60. Permutation Sequence java solutions

The set [1,2,3,…,n] contains a total of n! unique permutations.

By listing and labeling all of the permutations in order,
We get the following sequence (ie, for n = 3):

1. "123"
2. "132"
3. "213"
4. "231"
5. "312"
6. "321"

 

Given n and k, return the kth permutation sequence.

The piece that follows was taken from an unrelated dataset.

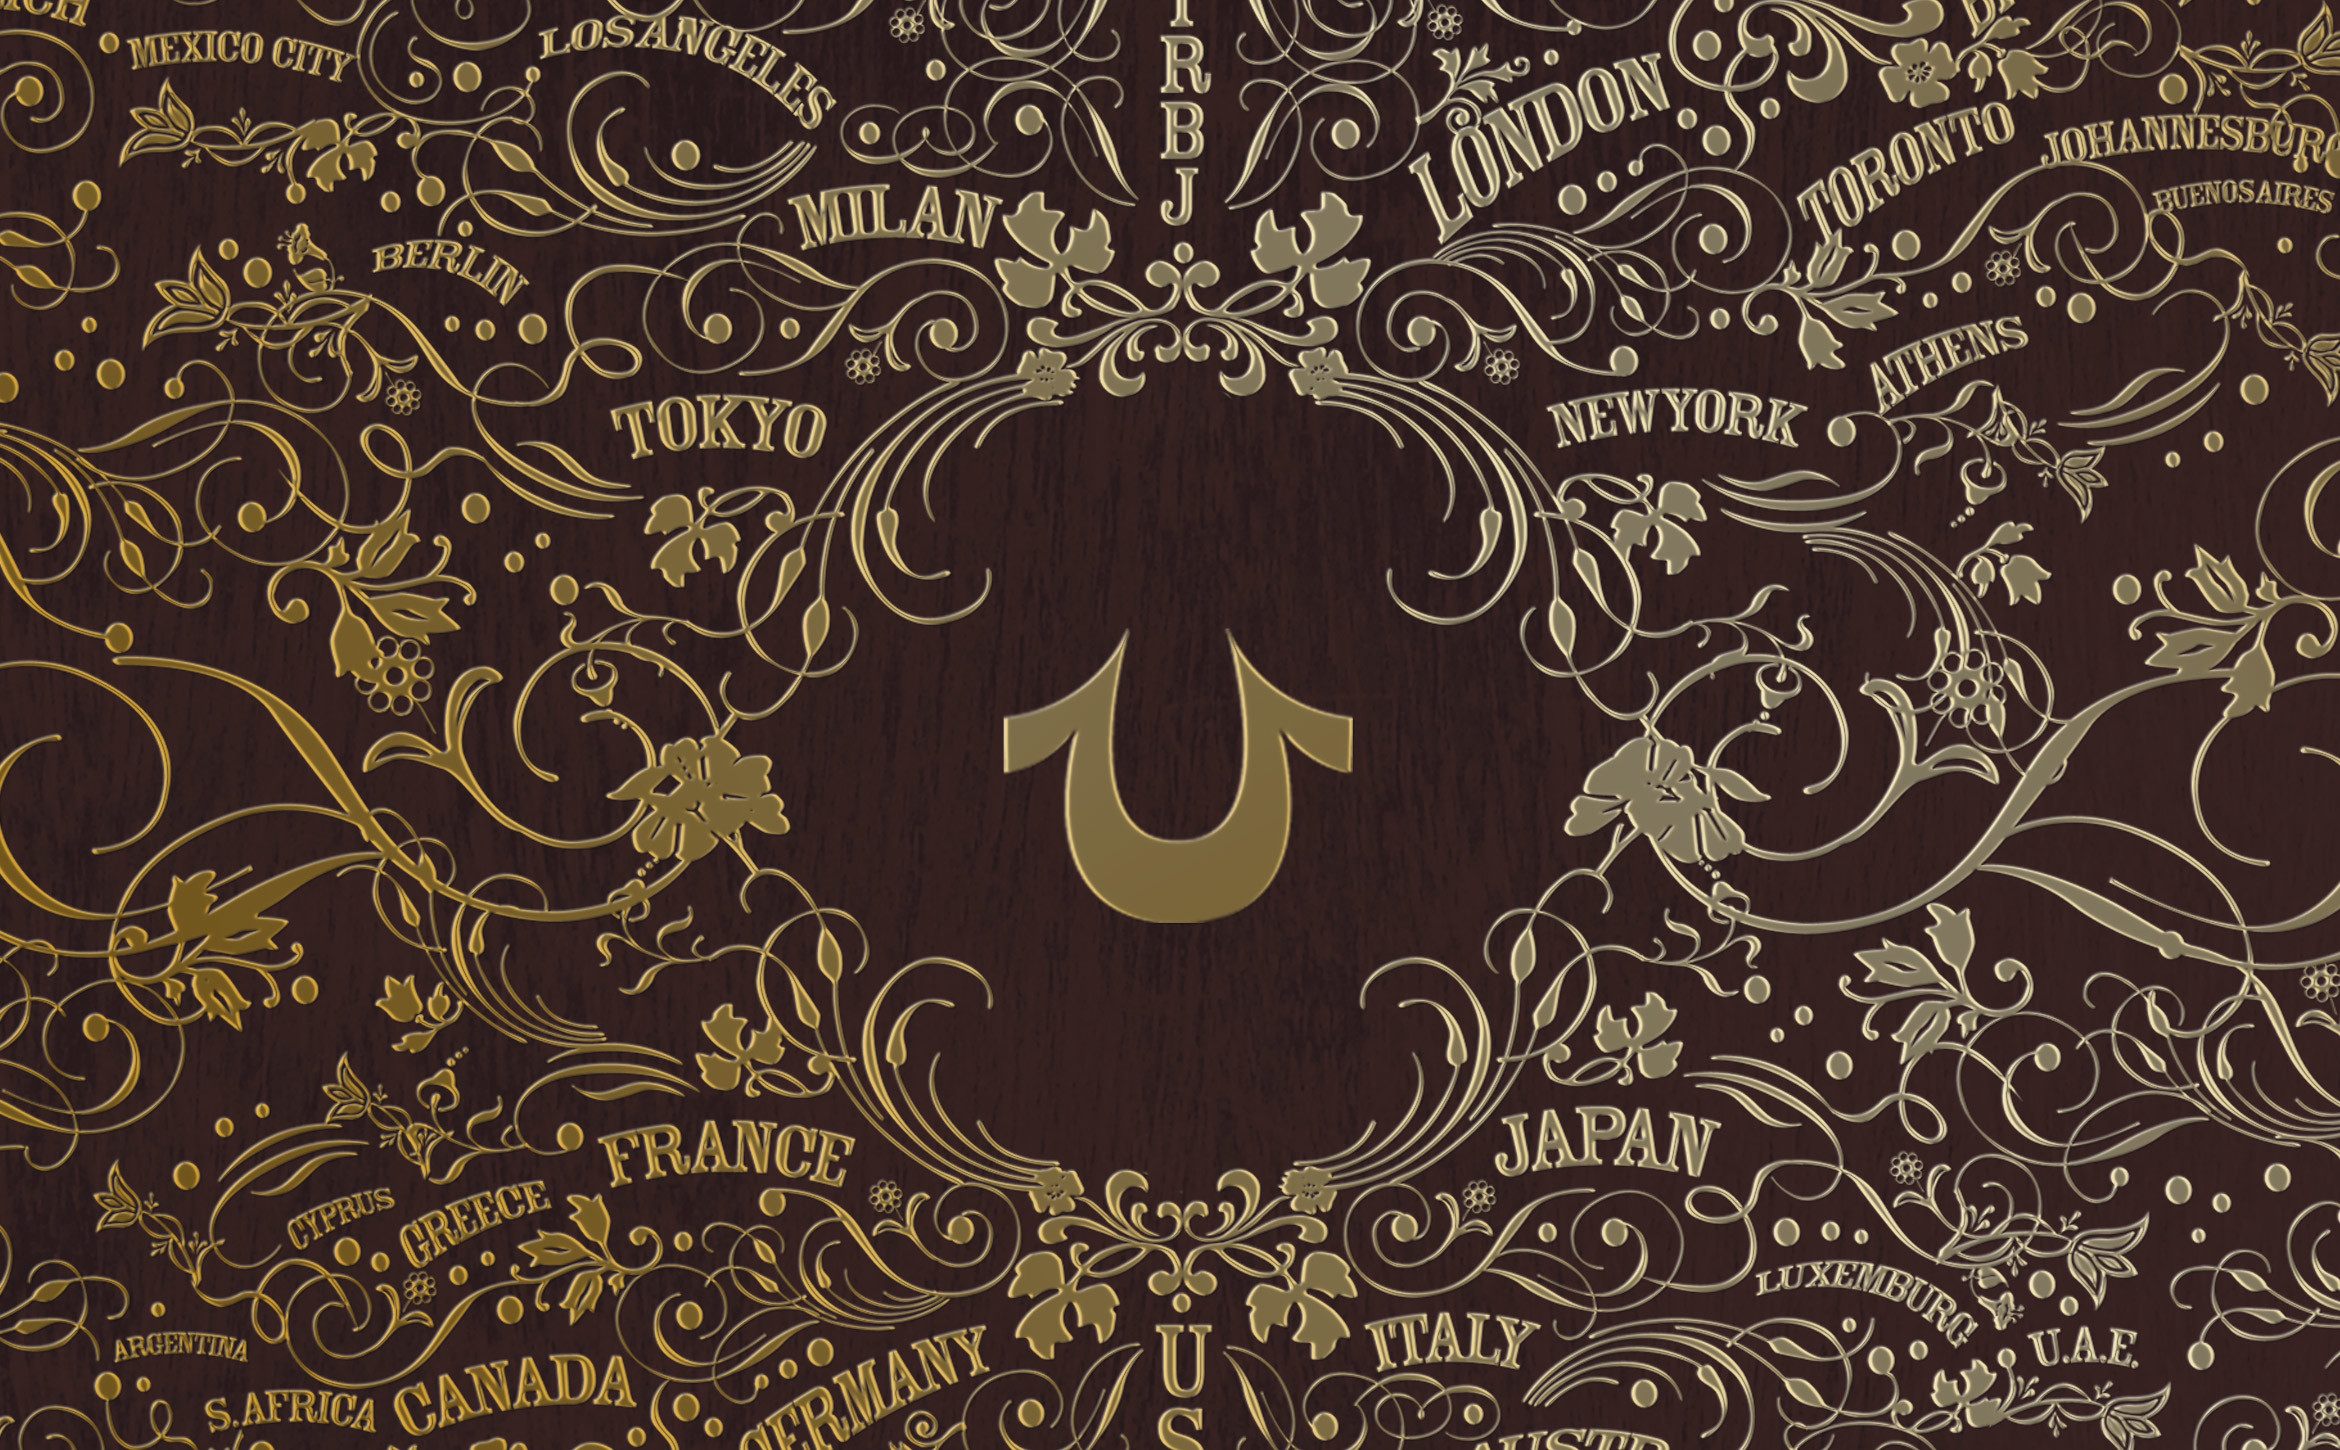 We Used Dark Wood, Psychedelic Wood Cut Fonts And A - HD Wallpaper 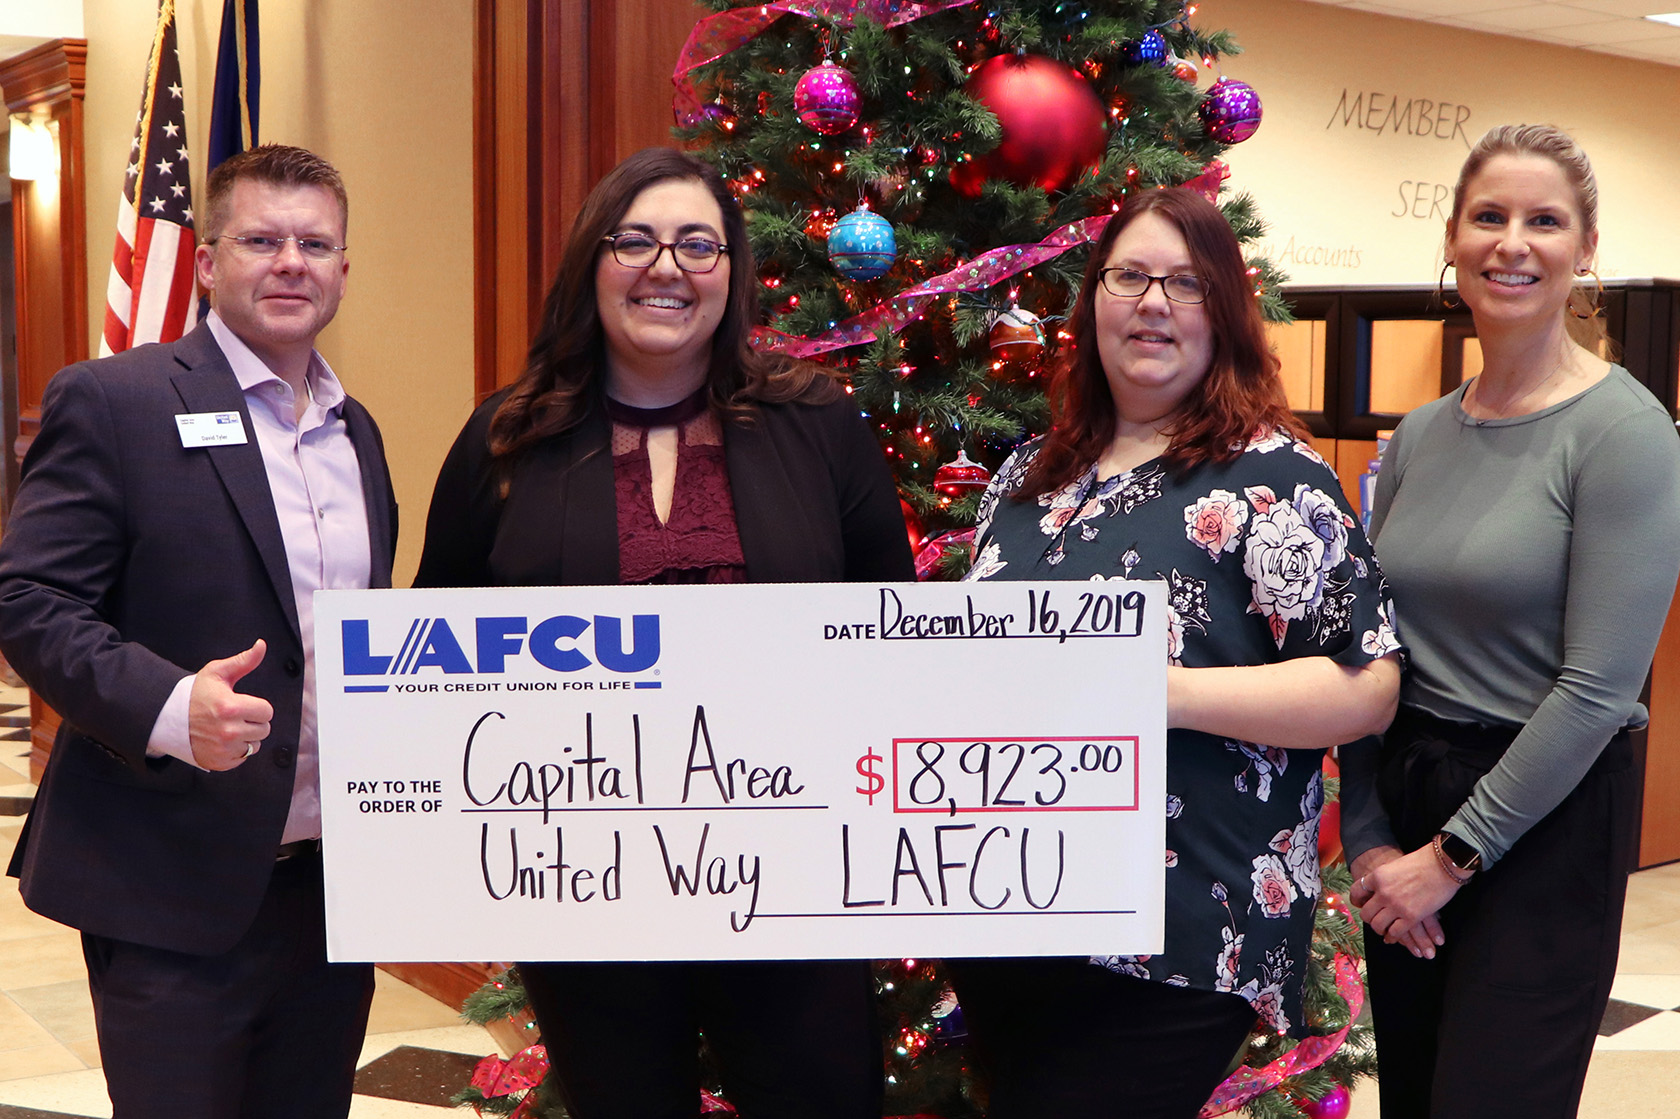 LAFCU-CAUW.jpg – From left, Capital Area United Way’s David Tyler accepts a ceremonial check for $8,923 from LAFCU Giving Committee members Amanda Seger, Teri and Suzi. Funds were raised internally at LAFCU through dress down days and other events in 2019.

Note: Given n will be between 1 and 9 inclusive.

 

public class Solution {
    public String getPermutation(int n, int k) {
        StringBuilder ans = new StringBuilder();
        StringBuilder tmp = new StringBuilder();
        for(int i = 1; i<=n; i++) tmp.append(i);
        int factor = calculate(n);
        int index = 0;
        for(int i = n; i>=1; i--){
            factor /= i;
            index = (k-1)/factor;
            ans.append(tmp.charAt(index));
            k -= index*factor;
            tmp.deleteCharAt(index);
        }
        return ans.toString();
    }
    
    public int calculate(int n){
        int sum = 1;
        for(;n>=1; n--){
            sum *= n;
        }
        return sum;
    }
}

n个数的permutation总共有n阶乘个，基于这个性质我们可以得到某一位对应的数字是哪一个。思路是这样的，比如当前长度是n，我们知道每个相同的起始元素对应(n-1)!个permutation，

也就是(n-1)!个permutation后会换一个起始元素。因此，只要当前的k进行(n-1)!取余，得到的数字就是当前剩余数组的index，如此就可以得到对应的元素。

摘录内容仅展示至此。